# Data excerpts:
------------

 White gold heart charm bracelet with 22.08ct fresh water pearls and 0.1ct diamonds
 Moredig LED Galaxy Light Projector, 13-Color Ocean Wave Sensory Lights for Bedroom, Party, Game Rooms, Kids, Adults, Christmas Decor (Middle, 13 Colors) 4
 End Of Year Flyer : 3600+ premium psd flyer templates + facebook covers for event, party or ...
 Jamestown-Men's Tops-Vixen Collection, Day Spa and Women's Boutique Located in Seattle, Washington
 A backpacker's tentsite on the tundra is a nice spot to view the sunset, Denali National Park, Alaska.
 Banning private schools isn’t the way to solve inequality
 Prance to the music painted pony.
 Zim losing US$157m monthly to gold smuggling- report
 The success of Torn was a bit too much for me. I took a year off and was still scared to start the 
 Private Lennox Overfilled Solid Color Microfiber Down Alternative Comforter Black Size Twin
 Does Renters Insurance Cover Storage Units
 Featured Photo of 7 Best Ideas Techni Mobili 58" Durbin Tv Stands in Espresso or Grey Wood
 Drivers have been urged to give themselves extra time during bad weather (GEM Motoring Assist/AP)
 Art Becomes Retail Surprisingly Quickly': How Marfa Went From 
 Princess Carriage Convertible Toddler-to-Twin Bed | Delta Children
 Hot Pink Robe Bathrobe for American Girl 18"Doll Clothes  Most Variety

------------

Return from the data every line that holds "gold".

 White gold heart charm bracelet with 22.08ct fresh water pearls and 0.1ct diamonds
 Zim losing US$157m monthly to gold smuggling- report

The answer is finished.